I could trace the piercing hurt in his voice, even as he tries to hide it under the octave of his volume, but it's present. I could tell. I've been there too.

"Could you leave me the fuck alone?" I shout back in response, hiding the hurt in my voice as well—but this time, I did it better. Even if I feel for his pain, and sympathize, that doesn't make my decision go away. "It's my fucking life."

Presley scoffs, in a way that shows that he's absolutely full of it. He looks away and shakes his head, ticking his jaw, before lowering his expression to me, sharp and deadly. "I don't think you could be this naive, but I guess I'm wrong." He says, each word lingering with a frightening calm. "You're making a big mistake, and this time, I won't be there to clean it up."

And with that, he turns on his heel and left, making sure to slam the bedroom door on his way in.

I huff at the threat and turn back to Nini and Nico, standing there with the middle of the foyer, watching the interaction unfold. "I'm sorry you had to witness that," I apologize sincerely, flicking my attention down to the little boy with the wide green eyes.

"That doesn't...Harlow, you're leaving?" Nini brings the topic back to ground, wiping her palms against the front of her apron. "Is it—did we do something wrong?"

"No," I shake my head, swallowing the punch of her expression, her version of hurt, "my brother invited me to live with him, and you know, my brother means to the world to me."

"Harlow..." She doesn't seem too convinced by my explanation, and instead, her brows knit together once more and her fingers play with the strap of her apron, "are you sure about this? Can you at least wait till Sebastian gets home and we can talk about this?"

"This is what I want," I say, reminding myself more than her. "I'm already eighteen, so I can legally do whatever the hell I want—"

"I know," she cuts me off, "I'm just...I don't think this is an idea you act on impulse."

"It's not impulse," I defend. "Look, I appreciate all you've done for me, but like I said before, you're not my mother, you're not my family and you'll never be. I found my family—so can you let me go back to him?"

Nin quiets, reading me through her brown eyes with a glossiness forming in her gaze. Minutes pass, with a brutal silence, and I decide not to waste anymore time explaining what's already been acknowledged. Without bidding a final farewell, I turned and threw open the door—leaving.

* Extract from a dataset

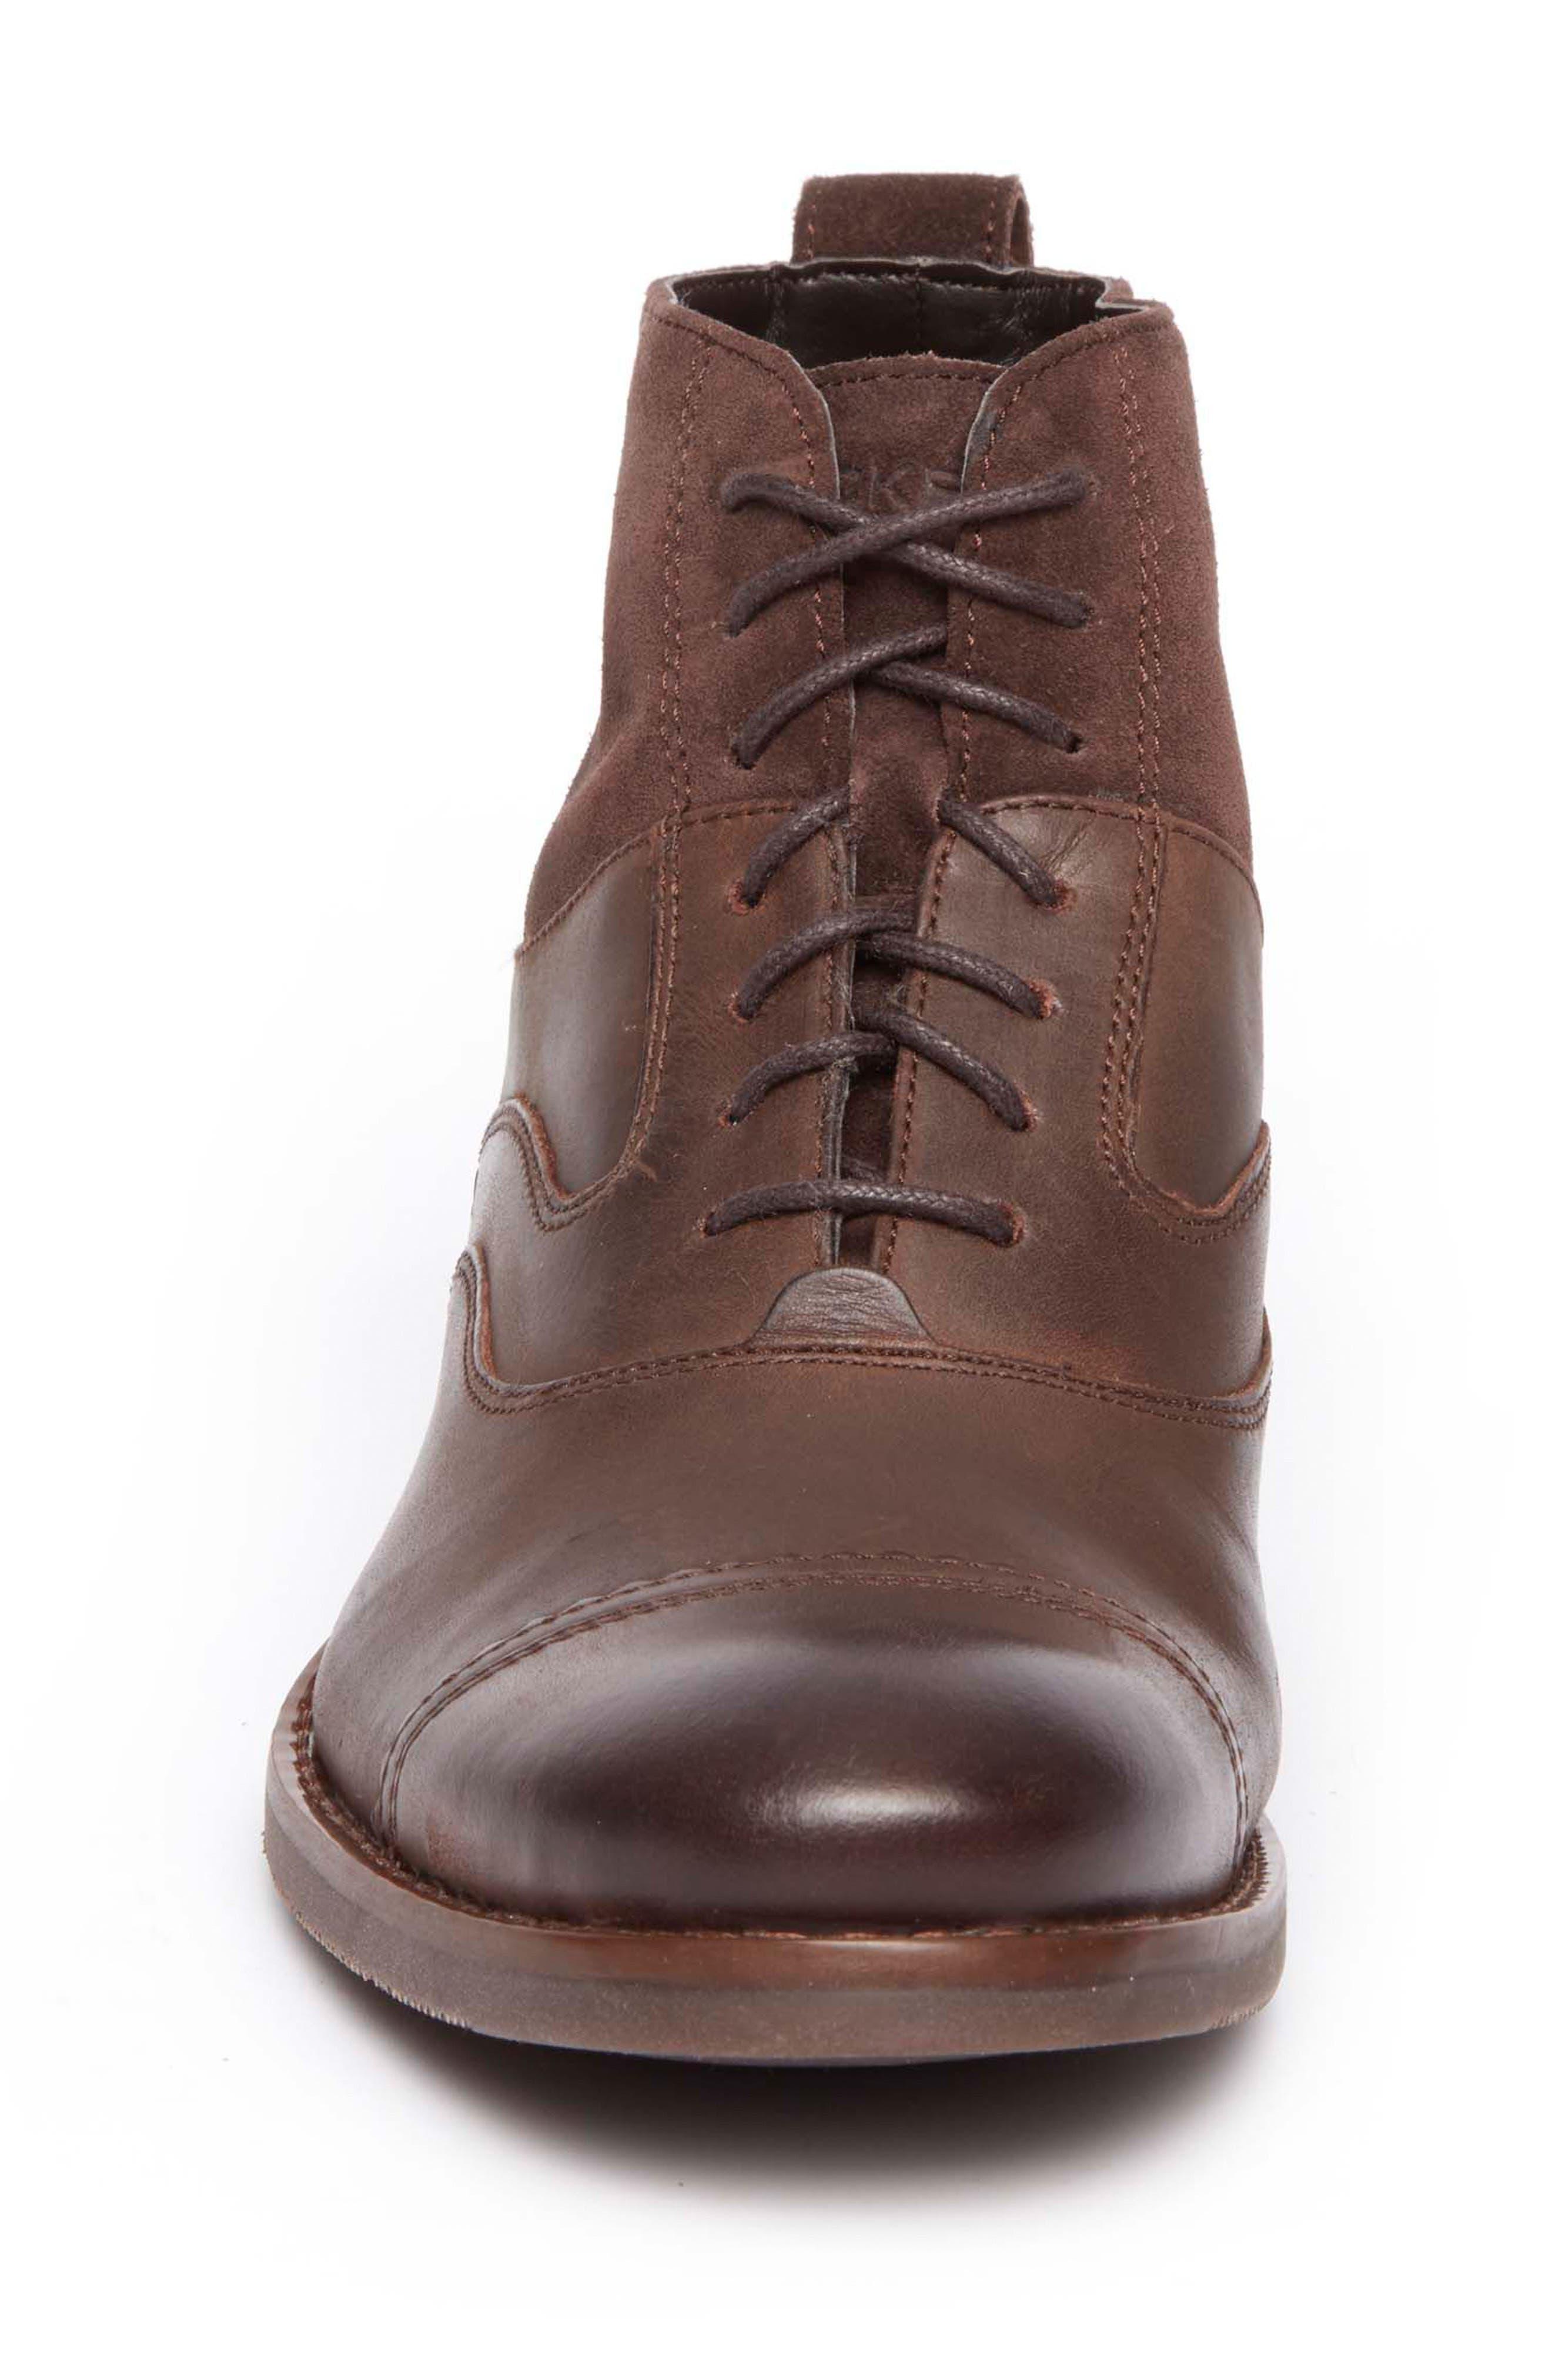 Wynstin Cap Toe Boot,                             Alternate thumbnail 4, color,                             Dark Chocolate Leather

Stepping off the porch and onto the sidewalk, I took a couple of strides forward before a small cry was heard, "Harlow!"

I glance over my shoulder to spot Nico attempting to follow me out of the front door, only to be held back by the hands of our foster mother and his cries growing louder, expression growing more desperate and pleading. "HARLOW!"

I grit my jaw and turn from the sight, closing my eyes for a few, hard seconds. Tightness wraps itself around my body like a second skin, and I fought the urge to look back, despite the cries. I had to gather myself to make it to the bus stop, each step forward is another way of losing his scream—till it was nothing more than a background noise.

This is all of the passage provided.